It is obviously not what is required by the act, although they will argue for months that it is. The letter below, points them to what is required, plus the opinion of the OFT on this matter. They are just trying to get you to go away.

 

xxxxxx 2009.

Dear xxxxxxxxx,

ACCOUNT IN DISPUTE

Re account no xxxxxxxxxxxxxxxxxxxxxxxxxxx

I write regarding recent communication regarding the above account. I acknowledge no dept to your organisation.

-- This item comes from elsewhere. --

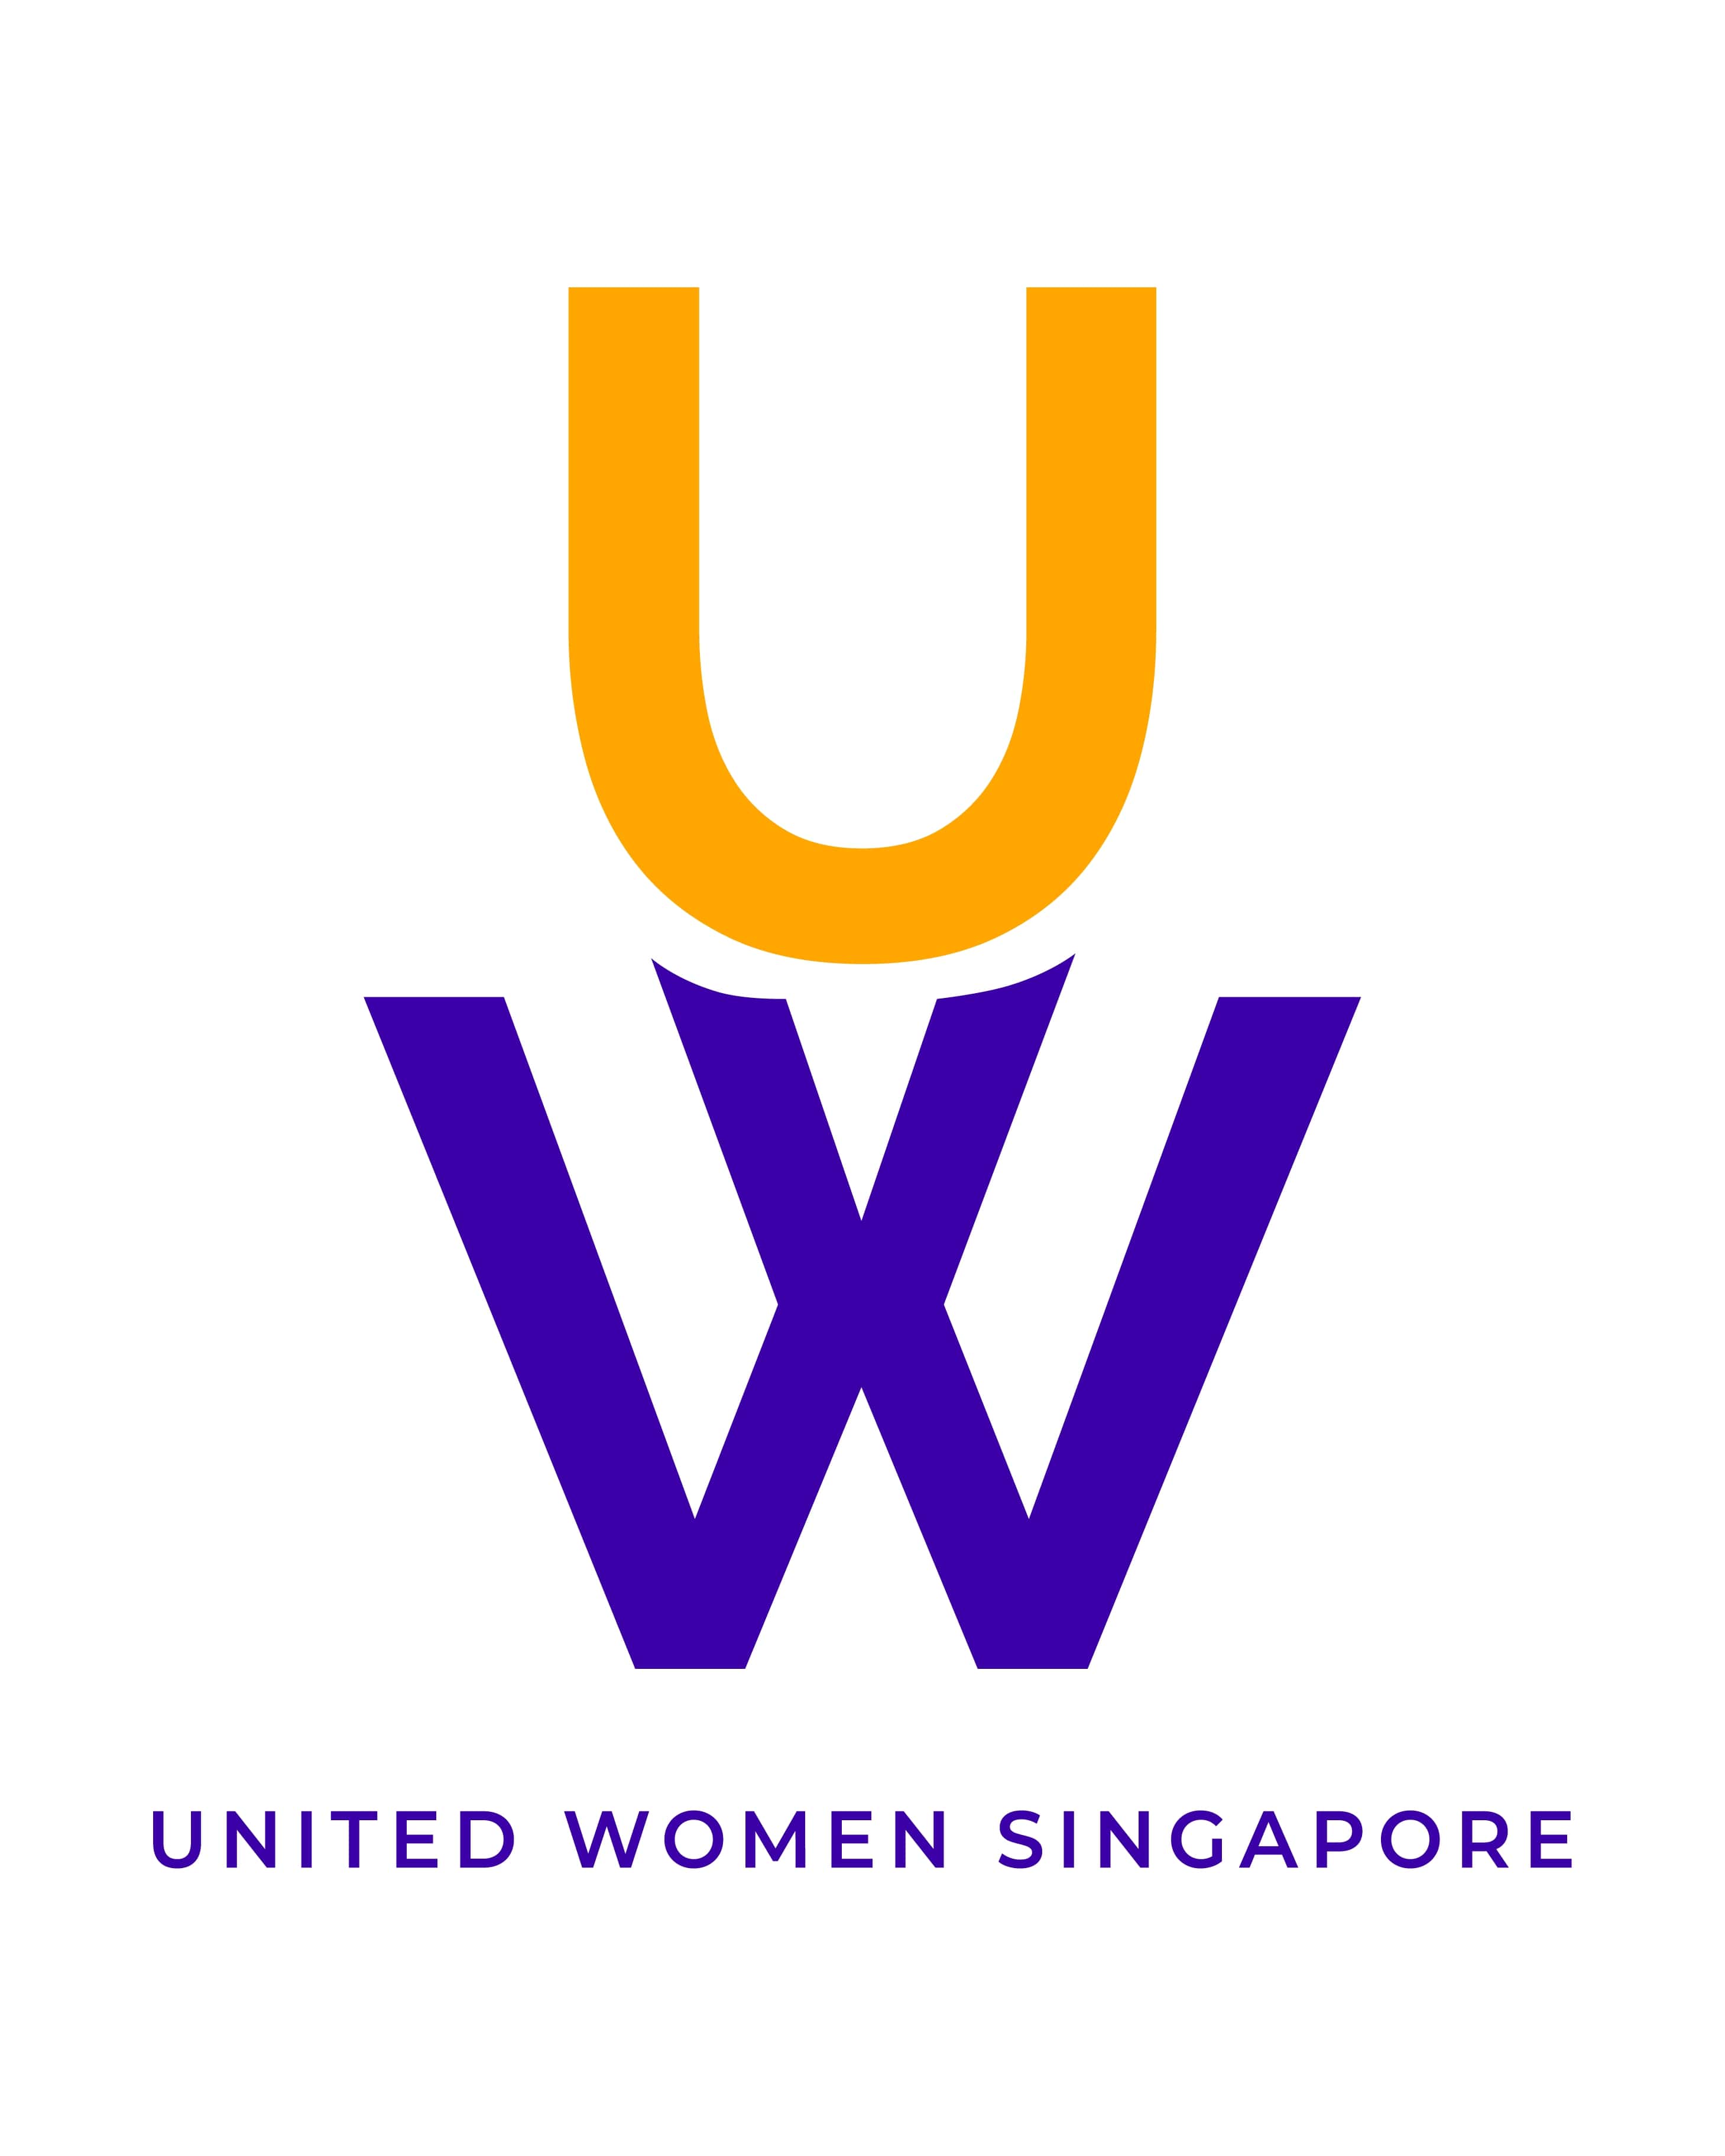 United Women Singapore logo
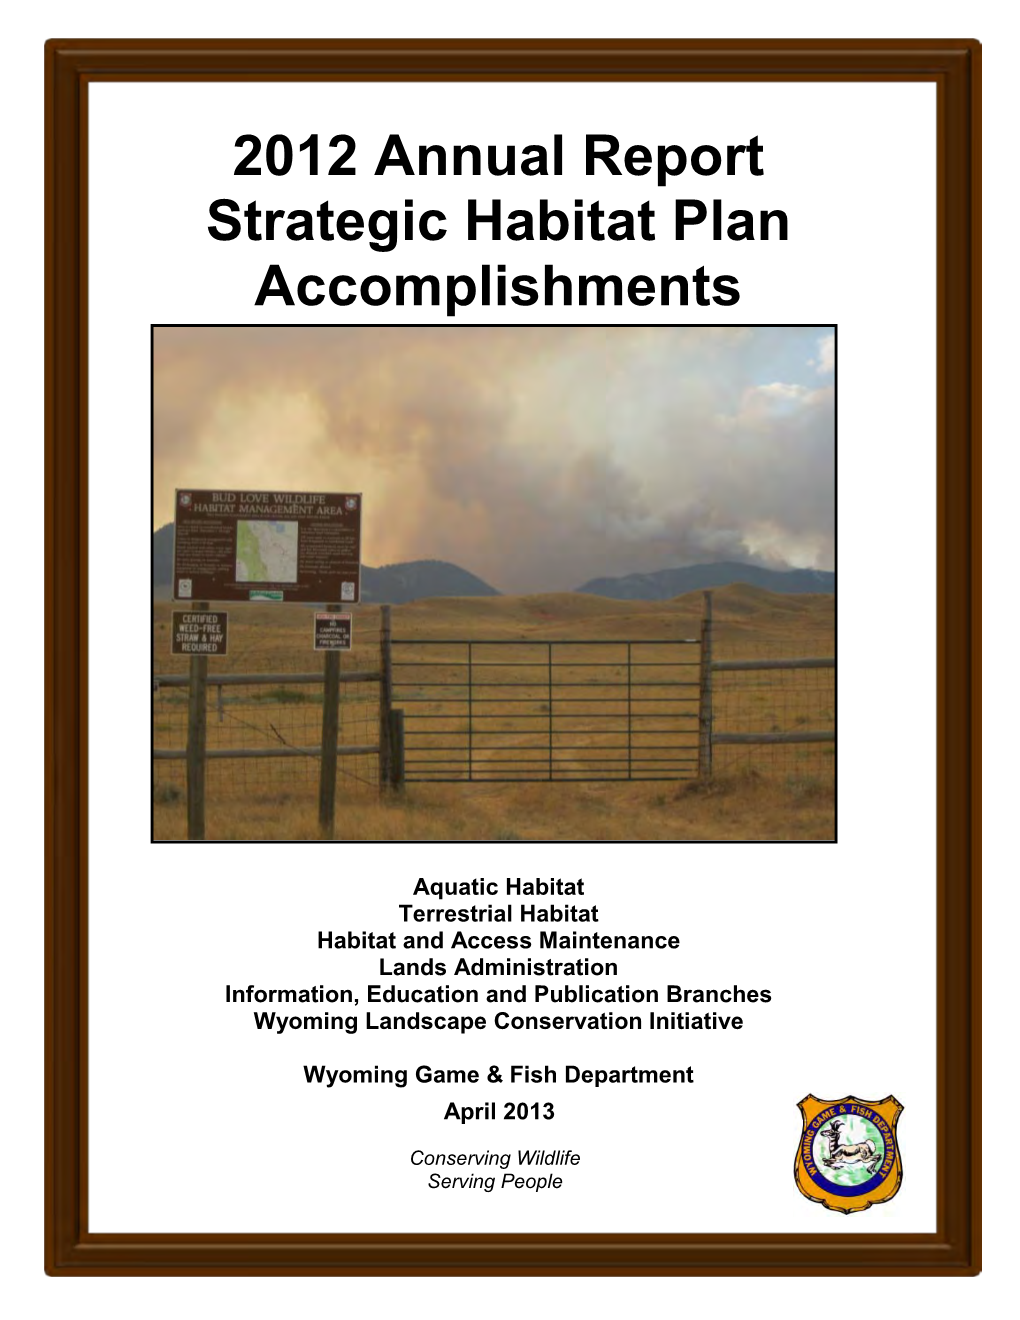 2012 Strategic Habitat Plan Annual Report

Further to my request under the above act, your attention is drawn to the fact that this account remains subject to a lawful serious dispute. On xxxxxxxx, by recorded delivery, I requested that you supply me a copy of the executed credit agreement covering this account pursuant to the Consumer Credit Act 1974 section 78, a copy of this request is enclosed. To date you have failed to comply with my request, supplying only a mere reconstruction, and generic terms & conditions, which cannot be linked to any agreement which you claim that I have signed. Without production of the said agreement I am unable to assess if I am indeed liable for any alleged debt to you, nor does it give me any chance to evaluate whether any original agreement was ‘properly executed’ as required by the Consumer Credit Act 1974.

Contrary to your assertion, xxxxxxxx have not complied with the terms of CCA 1974 s78. The documents that you have supplied, do not comply with your duties to supply a “True Copy” of any agreement you claim to have been signed by me, for pre 2007 agreements. As you will be further aware, an agreement is not executed, until signed by both parties, so the document that you have supplied, being a reconstruction, cannot be a True Copy of an Executed Agreement.

While this account remains in serious dispute, the relevant main points of the Law and OFT regulations while the account is in this state and xxxxxx remain in default are:

  • You may not ask for payment against this account.
  • I am not obliged to offer any payment against this account.
  • You cannot register any data with a third party.
  • You cannot take any enforcement action, including registering Defaults.
  • You cannot pass the account on to a third party for collection.
  • You cannot sell the account.

Let me explain here, what a true copy is:

In a recent letter from the enforcement department of the OFT, the text below was quoted, explaining what is required.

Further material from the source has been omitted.